Not that I am expert in 'aerial mining', but I have dug out some LiPo's in the recent history  Packs usually became 'shorter' in length after such events.

Small packs with soldered tabs vs Large packs with many pounds of interconnects is something quite different don't you think.

You will be fixating the cell pouches relative to the busbars/interconnects?


----------



## LithiumaniacsEVRacing (Oct 9, 2010)

My silver coated copper bus bars have arrived! 










































Will be building modules for a few weeks!


----------



## rwaudio (May 22, 2008)

Very nice, I hope this gives you much lower connection resistance than I was seeing with raw aluminium.

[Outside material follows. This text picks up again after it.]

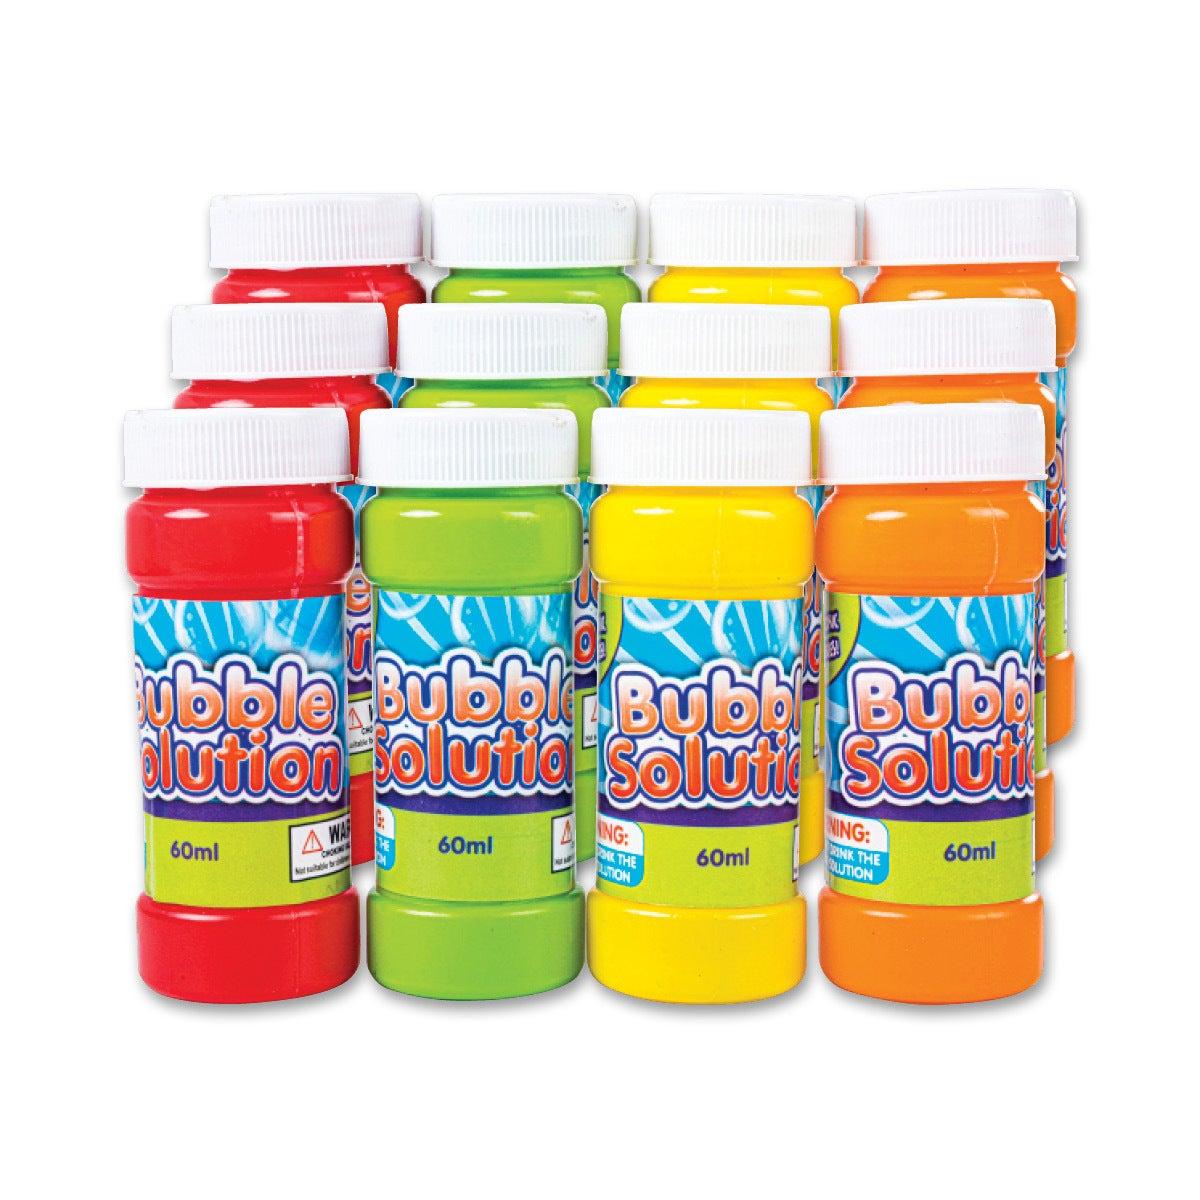 12PK Bubble & Wand Mega Value 60ML Non-Toxic Indoor/Outdoor Play Wedding Party

When will you have a finished module/pack to show off?


----------



## LithiumaniacsEVRacing (Oct 9, 2010)

rwaudio said:


> Very nice, I hope this gives you much lower connection resistance than I was seeing with raw aluminium.
> 
> When will you have a finished module/pack to show off?


I will start tomorrow after my first cup of coffee! 

Everything is ready, lexan boxes complete, 10P packs built, zinc nuts bolts and lock washers, etc....I will build all the modules with parallel connections covered and sealed, the series bus bars pop through the first layer. The final connections will be all the series with BMS boards.


----------



## drgrieve (Apr 14, 2011)

rwaudio said:


> Very nice, I hope this gives you much lower connection resistance than I was seeing with raw aluminium.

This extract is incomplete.